Chapter 3 Indoor radon
Create a simulated dataset of indoor radon concentration with 3/4 geogenic factors (e.g. bedrock geology, aquifers - karst/No-karst, uranium in topsoil) and as spatial autocorrelation of the residuals, …
3.1 Administrative divisions
I got Lithuania from www.gadm.org, but you may download the administrative areas of other countries
Country <- readRDS(url("https://biogeo.ucdavis.edu/data/gadm3.6/Rsf/gadm36_LTU_0_sf.rds"))

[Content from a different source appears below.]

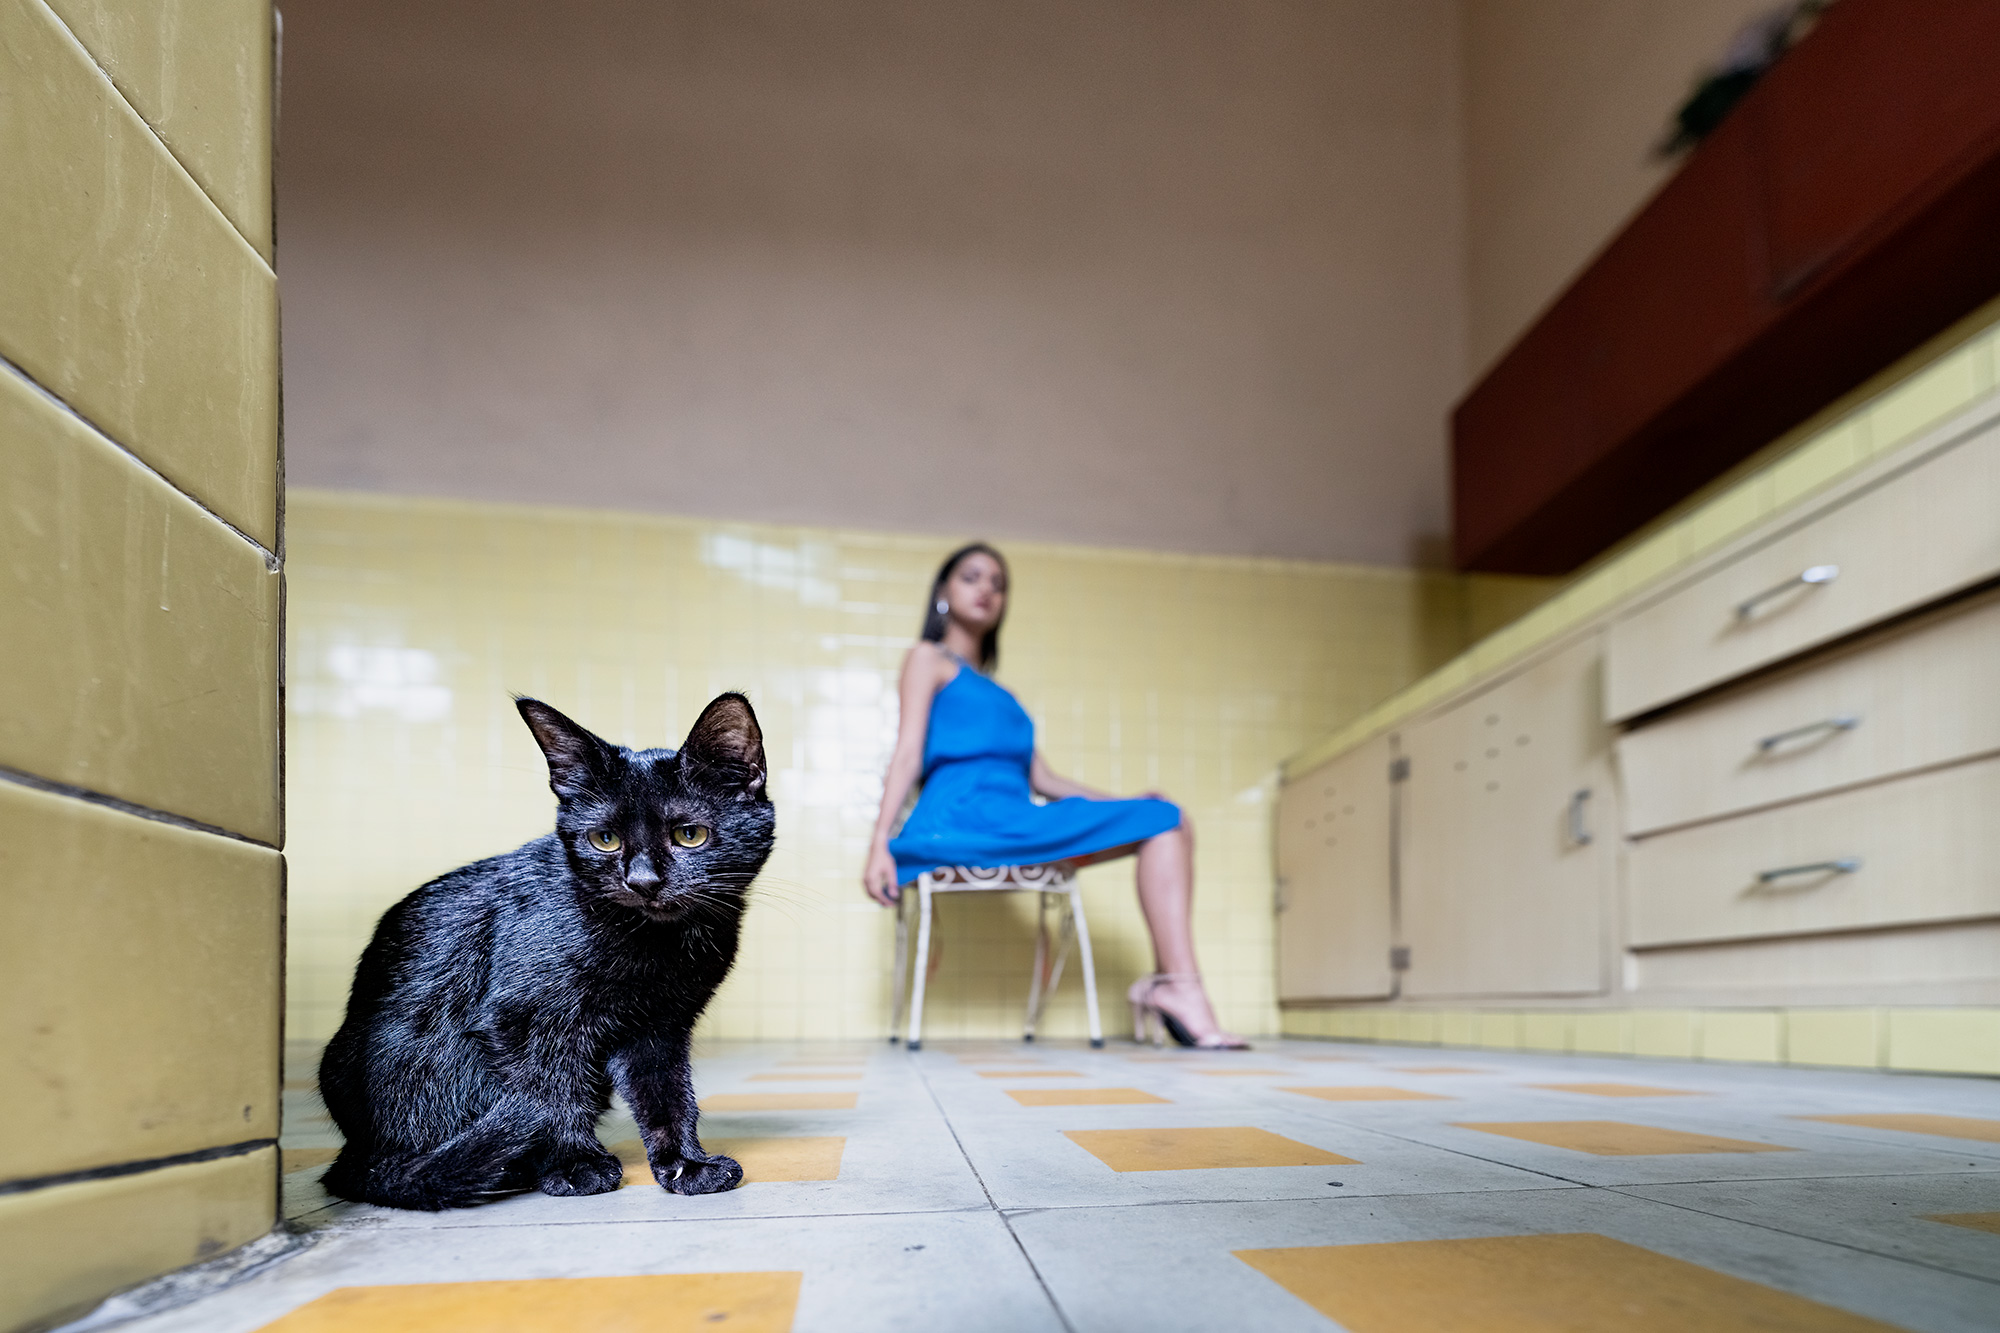 Katze und Fotomodell in der Küche einer alten Kolonialvilla in Kuba auf einer Fotoreise fotografiert.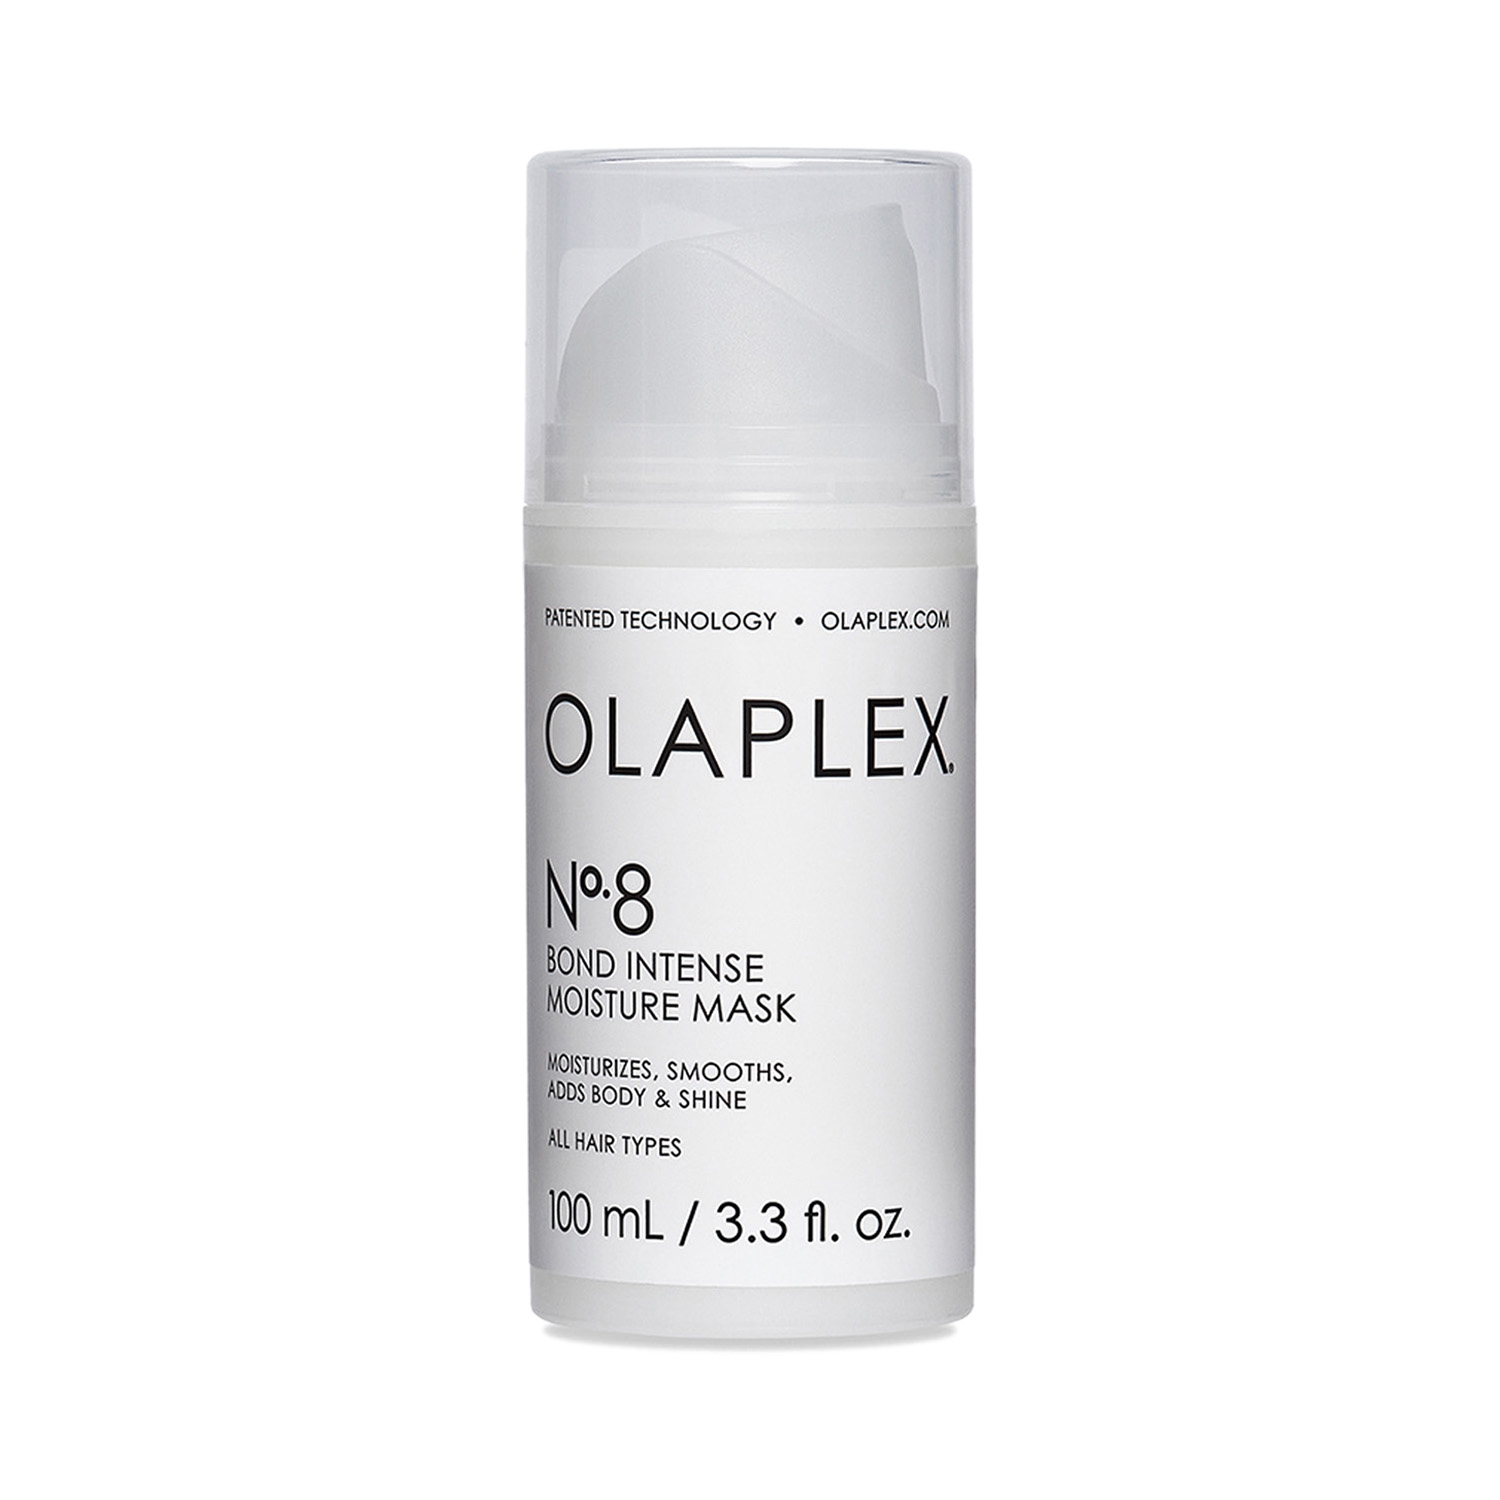 Olaplex | Olaplex No.8 Bond Intense Moisture Mask (100g)

County <- readRDS(url("https://biogeo.ucdavis.edu/data/gadm3.6/Rsf/gadm36_LTU_1_sf.rds"))
Muni <- readRDS(url("https://biogeo.ucdavis.edu/data/gadm3.6/Rsf/gadm36_LTU_2_sf.rds"))3.2 Grids 10 x 10 km
Download from https://www.eea.europa.eu/data-and-maps/data/eea-reference-grids-2
EEA_Ref_grid_URL <- "https://www.eea.europa.eu/data-and-maps/data/eea-reference-grids-2/gis-files/lithuania-shapefile/at_download/file.zip"
temp <- tempfile()
temp2 <- tempfile()
download.file(EEA_Ref_grid_URL, temp)
unzip(zipfile = temp, exdir = temp2)
Grids_10km <- read_sf(file.path(temp2, "lt_10km.shp"))
unlink(c(temp, temp2))
Grids_10km$Id <- seq(1, length(Grids_10km$CELLCODE), 1) # Add new column with "Id"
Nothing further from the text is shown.